→ **RECORDS TO USE**:
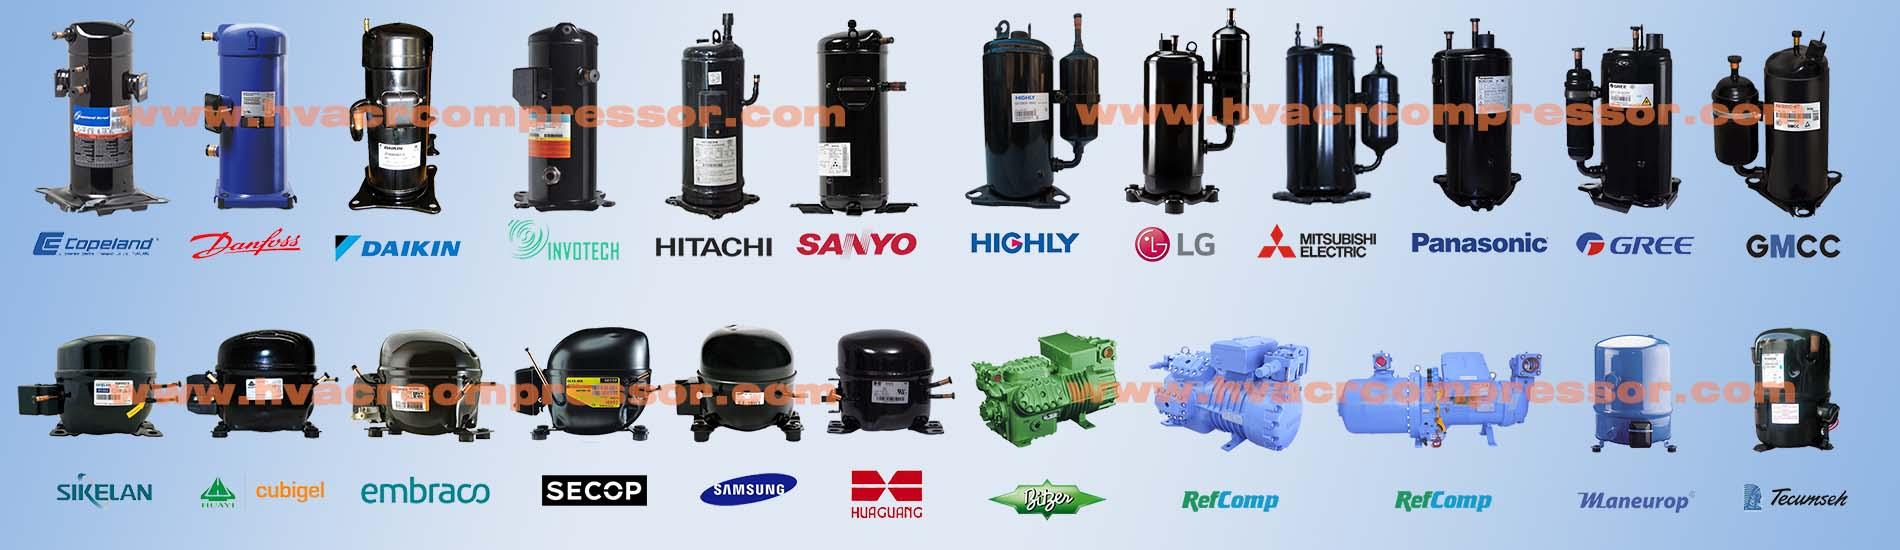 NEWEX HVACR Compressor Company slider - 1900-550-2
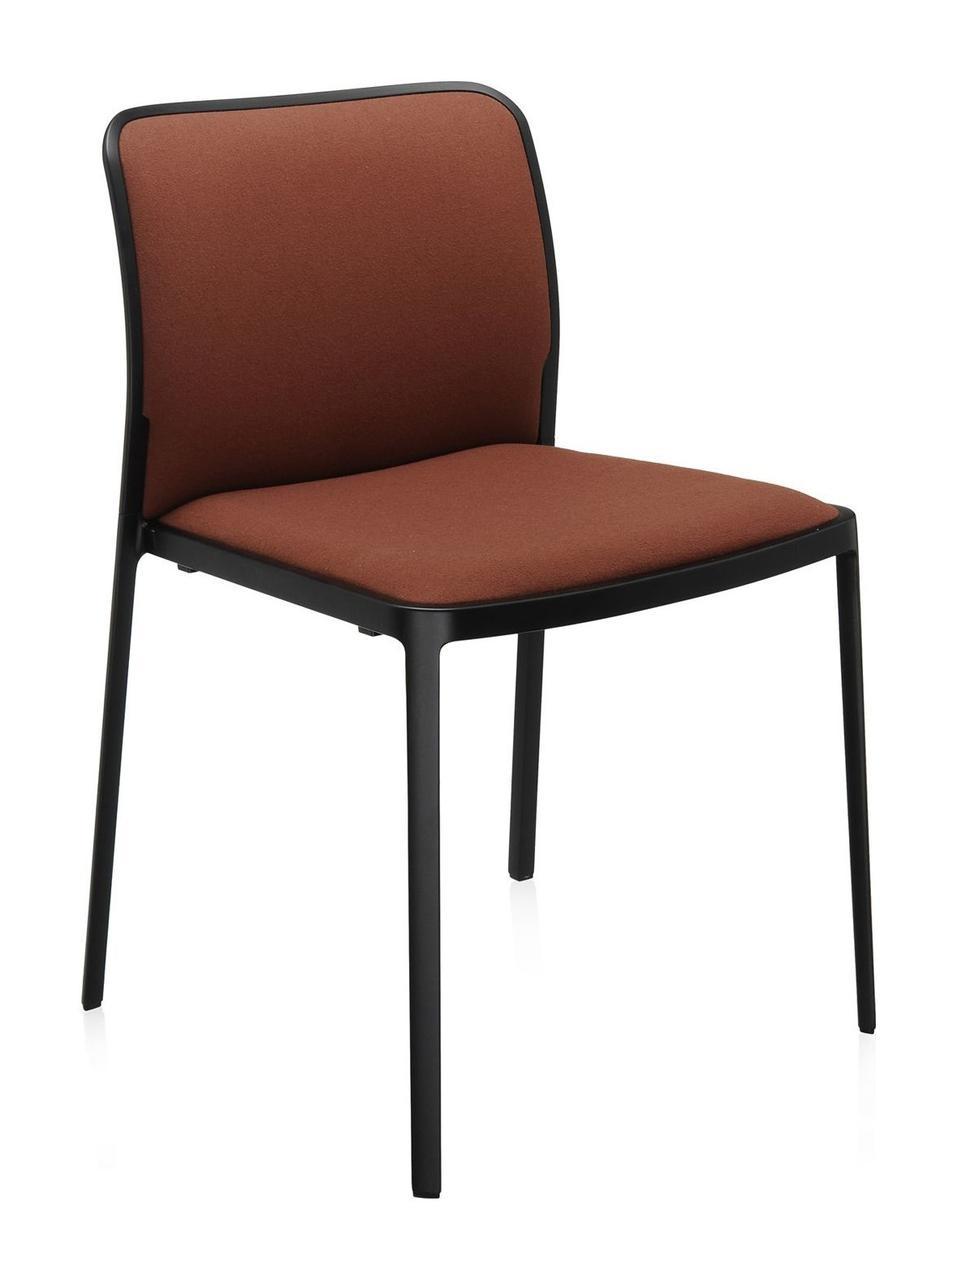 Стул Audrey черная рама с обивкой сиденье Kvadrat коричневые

* * *

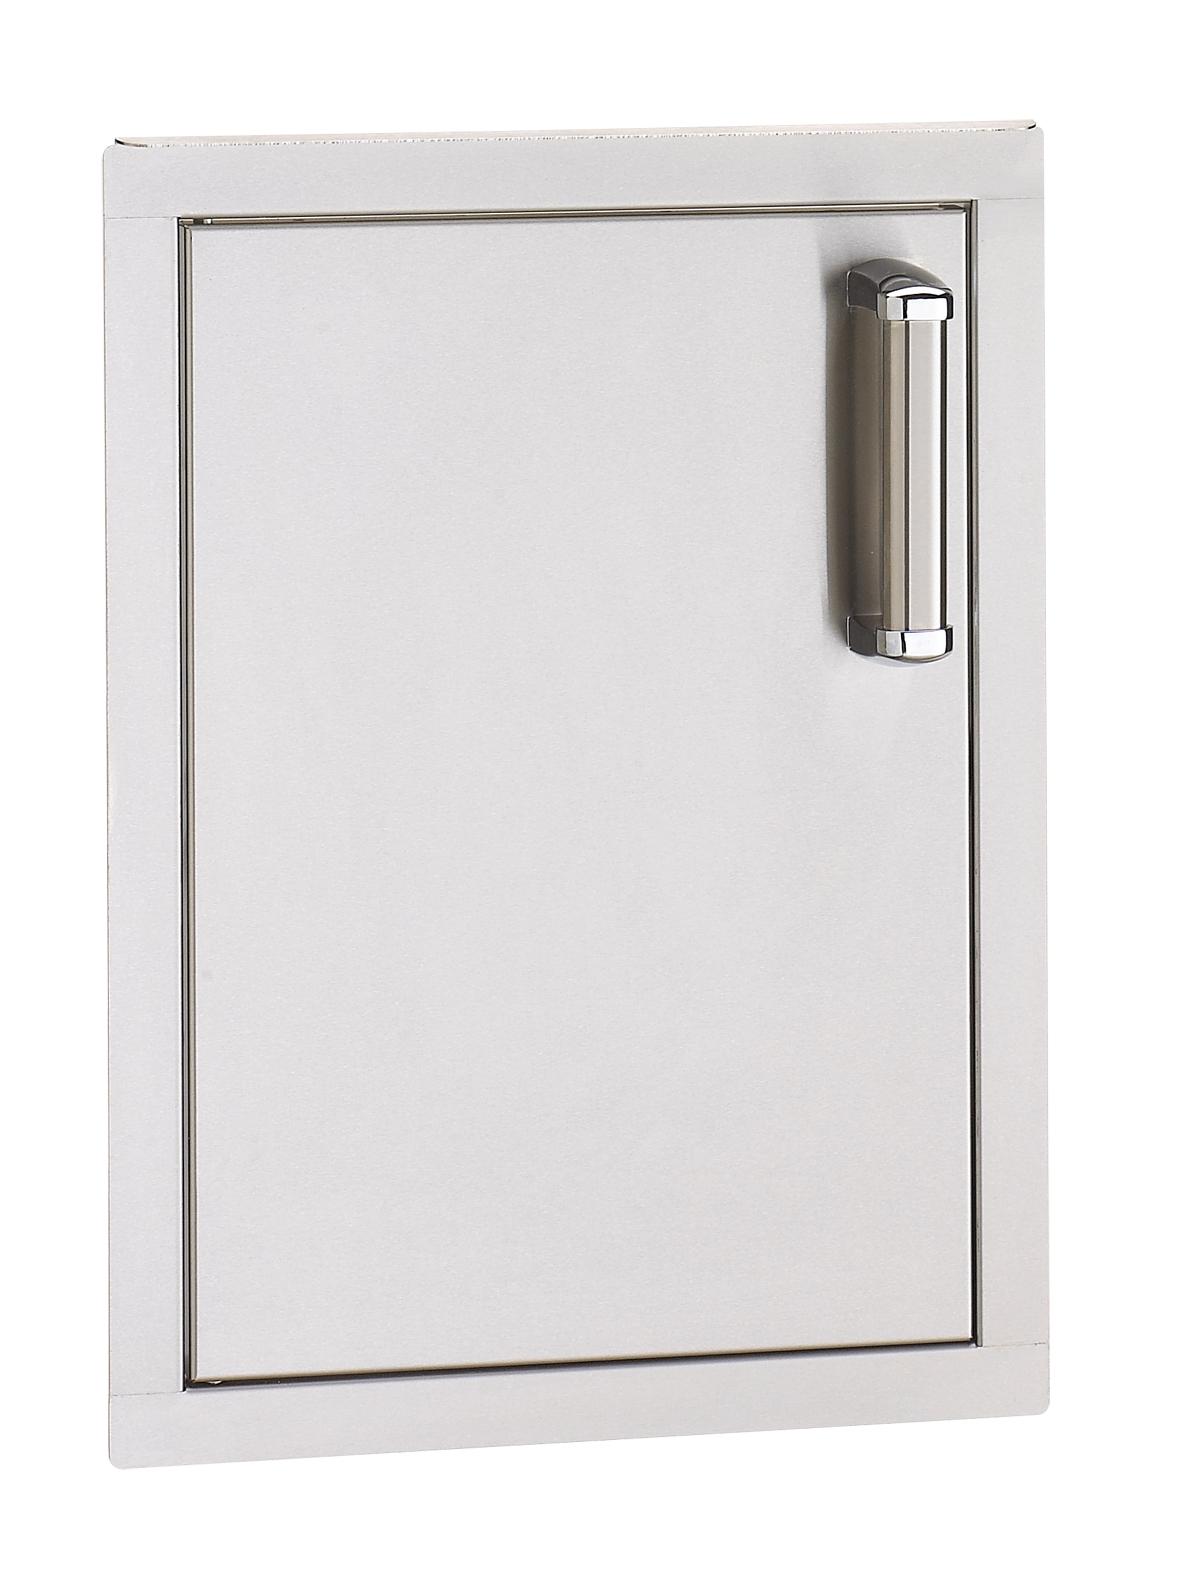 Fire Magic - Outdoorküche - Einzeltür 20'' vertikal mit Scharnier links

→ **WHAT THIS TASK INVOLVES**: Exactly the lines above from the one that contains "NEWEX HVACR Compressor" down to the one that contains "Стул Audrey черная" are to be output, both ends kept and pictures omitted.

→ **SOLUTION FOR THIS PROBLEM**:
 NEWEX HVACR Compressor Company slider - 1900-550-2
 Стул Audrey черная рама с обивкой сиденье Kvadrat коричневые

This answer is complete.